Через несколько дней после подписания Протокола Байкала пришло подтверждение: китайское правительство в Нанкине официально запросило российское содействие в вопросах модернизации армии, транспорта и административной системы. Это был дипломатический триумф, но одновременно и вызов. Отныне Российская Империя становилась гарантом порядка не только на Дальнем Востоке, но и в самом сердце Азии. Совет министров собрался в Петергофе, вдали от глаз иностранной прессы. Присутствовали лучшие умы Империи: Столыпин, граф Игнатьев, генерал Алексеев, барон Врангель и представители ново-созданного Восточного департамента.
- Китай слаб, но не глуп, — сказал Столыпин. — Их запрос — это крик о помощи, но и попытка обойтись без нового господина. Мы должны быть наставниками, не надзирателями.
- А Япония? — спросил Врангель. — Принц Фусимия уехал со сдержанной миной на лице, но я уверен, в Токио его слова будут истолкованы как унижение.
- Тем более мы должны действовать быстро, — вмешался я. — Наша цель — не оккупация, а интеграция. Мы дадим им инструменты, чтобы выжить, и тем самым обезопасим себя.
Было решено направить в Китай смешанную миссию — инженеров, военных советников, экономистов, преподавателей. Не солдат — учителей.
Тем временем в Токио, Лондоне и Вашингтоне кипели закрытые совещания. Расшифрованная телеграмма из Пекина, перехваченная нашей разведкой, гласила:
«Если русские закрепятся в Маньчжурии и найдут путь к югу, баланс сил в Тихом океане будет нарушен. Нужно срочно разработать стратегию сдерживания. Не исключать экономических санкций и военной демонстрации».
Санкции?
Империя была готова. Золото в Кенигсберге, нефть в Баку, хлеб в Поволжье, железо на Урале. За последние годы мы не только победили в войне, но и отстроили индустриальный фундамент. Экономика была мобилизована, как никогда прежде. Нас боялись — и потому уважали.
Когда в январе 1923 года первый эшелон с российскими специалистами пересёк границу с Китаем, толпа встречала его с флагами и цветами.
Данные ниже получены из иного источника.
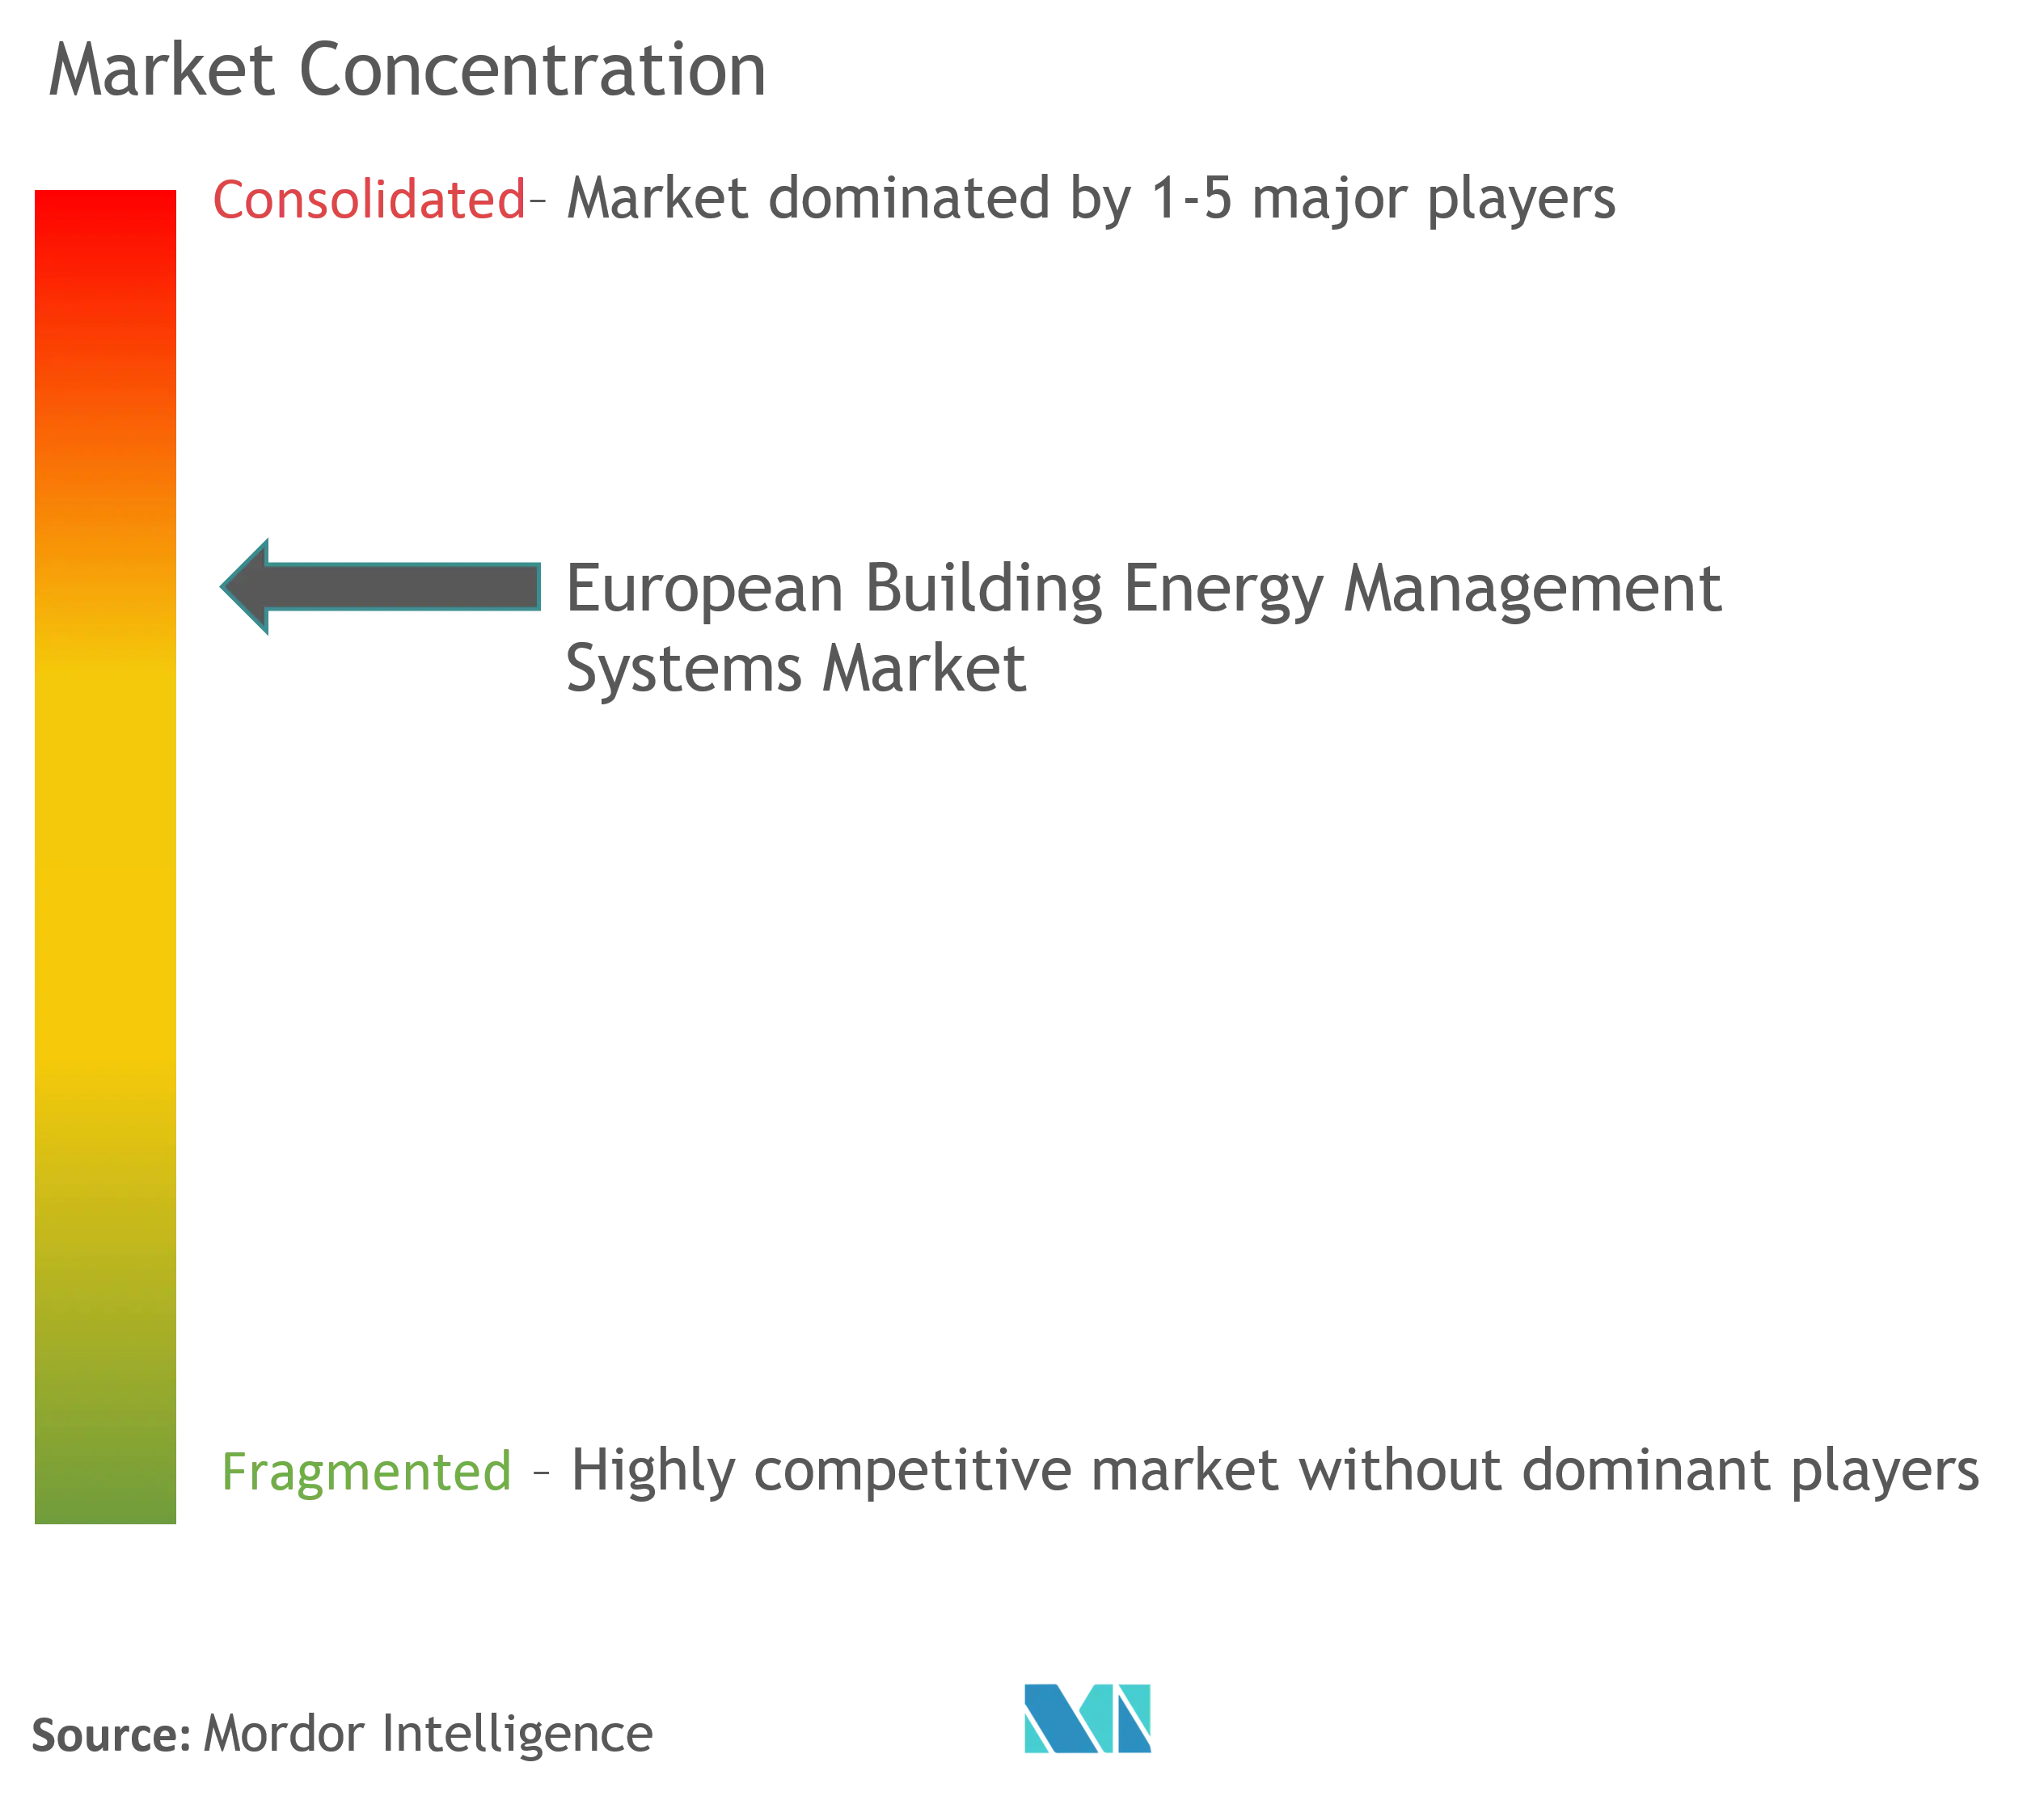 Châu Âu Xây dựng Hệ thống Quản lý Năng lượng Tập trung Thị trường

Русские инженеры смотрели на полуразрушенные станции, грязные дороги, обветшалые школы — и видели вызов. Вызов, на который мы уже дали ответ однажды — в своей стране. Теперь настало время ответить за её пределами. Но в Петрограде уже начинала сгущаться другая тень — тень недовольства, страха и интриги. Победа за границей нередко оборачивается бурей внутри.
Весна 1923 года принесла в Маньчжурию не только тёплый ветер с жёлтых степей, но и перемены, которых не видели здесь со времён императора Канси. Под русским кураторством началась масштабная реорганизация: реформировали железные дороги, заново проложили маршруты снабжения, начали строительство технических училищ и гимназий с преподаванием на двух языках — русском и китайском. В селах появились первые агрономы, в городах — электростанции и водоканалы. Для многих это был культурный шок. Китайцы, ещё недавно насмотревшиеся на хищнические порядки британцев или японцев, не верили, что русские не требуют унизительных условий, не навязывают своей веры, не грабят их рудники. Они слушали, учились — и наблюдали.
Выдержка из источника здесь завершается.